A private consortium of business and tourism representatives will seek to buy the Yarrawonga Mulwala bridge to save it from demolition and make it a passive recreation walkway and bike track.RACHEAL WILLETT February 18, 2014 3:45pm
Former Yarrawonga councillor, business owner and local identity John Lawless told the Yarrawonga Chronicle talks had begun with interested members of the bridge consortium.
“I’m already speaking with a consortium of investors who are willing to buy the bridge and cover the ongoing costs of necessary maintenance,” he said.
“This can happen because there is a firm belief within the community that the bridge needs to stay and we cannot allow it to be removed.
“I don’t want to be answerable to my children and their children in years to come when they look
back and say ‘why did you let this terrible thing happen – why didn’t you do something ?’”
VicRoads North Eastern Regional Director Bryan Sherritt last week revealed an in principle agreement had been reached between the two state roads authorities – VicRoads and Roads and Maritime Services and the two councils – Moira and Corowa – to remove the existing bridge once a new crossing is built by 2020.

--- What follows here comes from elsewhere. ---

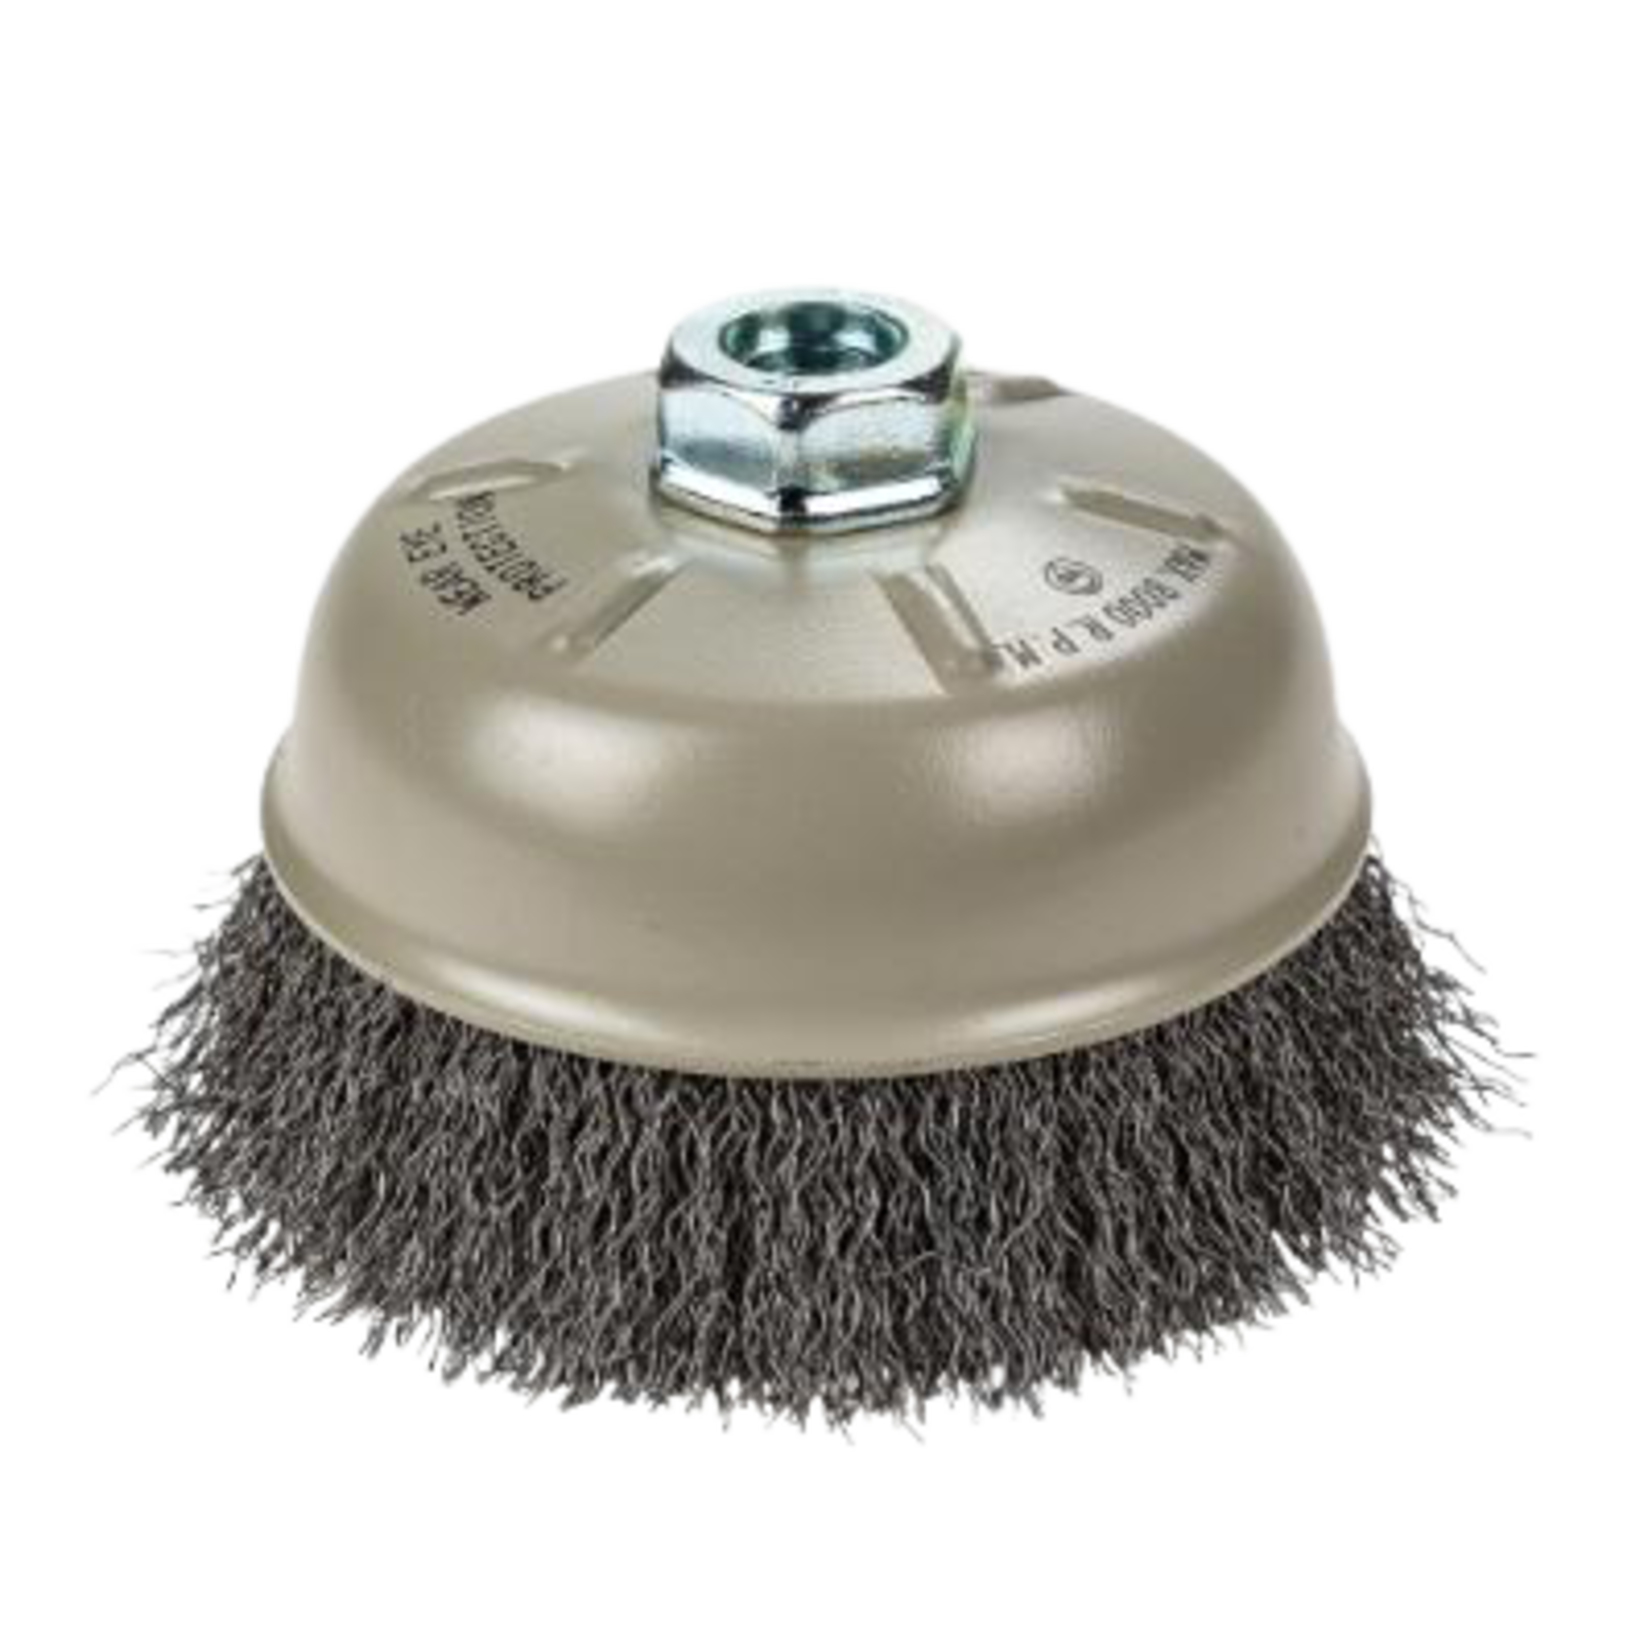 CW CUP BRUSH 5IN WITH 5/8IN-11NC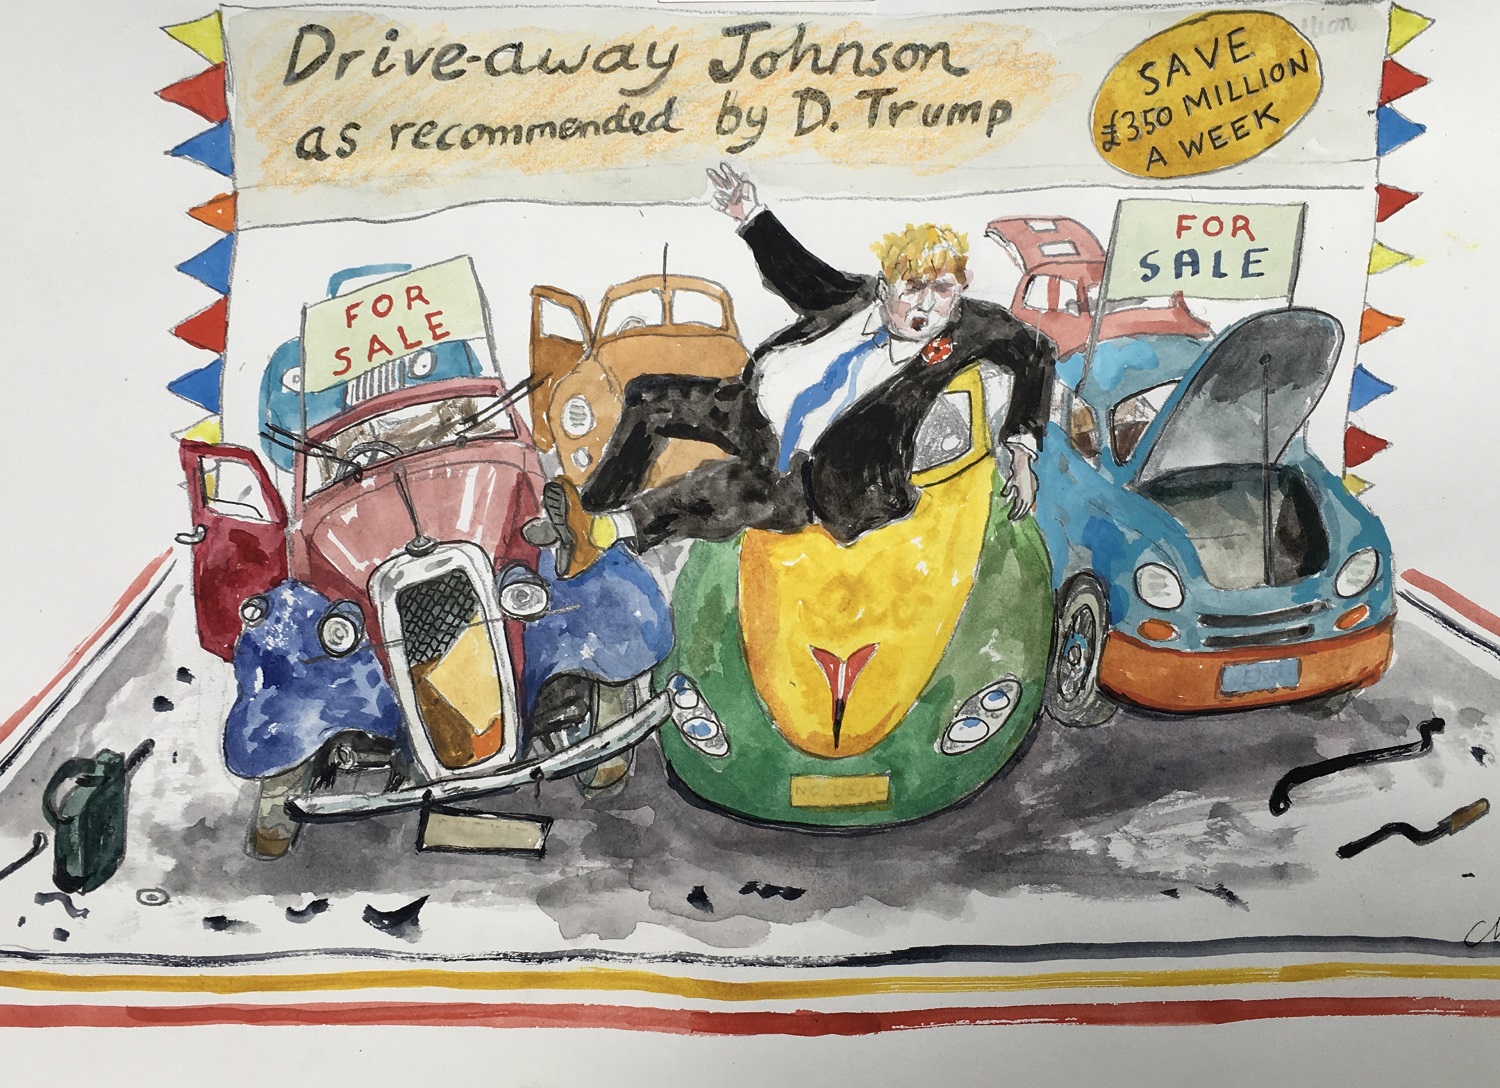 Driveaway Johnson… as recommended by D.Trump.

The roads authorities have always said they would only maintain one crossing leaving the financial responsibility of the existing bridge to fall to the two councils - an unlikely prospect according to Mr Lawless.
“Realistically neither council can afford to pay for the upkeep of the bridge,” he said.
“That’s why we need to start talking about this now so we can put together a proposal to buy the bridge and ensure it remains for the benefit of Yarrawonga and Mulwala.”
Mr Lawless said the removal of the existing bridge would rob locals and visitors of the much-loved two bridge link.
“If you keep that bridge as a crossing for pedestrians and cyclists you maintain an integral connection that allows people to walk from the clubs and holiday accommodation directly to the
Yarrawonga shopping precinct,” he said.
“By having those two passive crossings – the old weir walkway and the old bridge - it allows the green route bypass to not have to be saddled with a pedestrian crossing on one side, making it a lot safer and cheaper.
“If you remove that connection people have to get in their cars, drive from their accommodation to the bridge and then come back to Belmore Street to park, adding to traffic congestion.
“Keep the existing bridge; build the new bridge on the green route and people can still walk ‘the loop’ of the two crossings. A pastime that is enjoyed greatly by both locals and visitors.
“I’m confident 95% of the local community want to keep that bridge, so now what we need to do is find a way to make that happen.”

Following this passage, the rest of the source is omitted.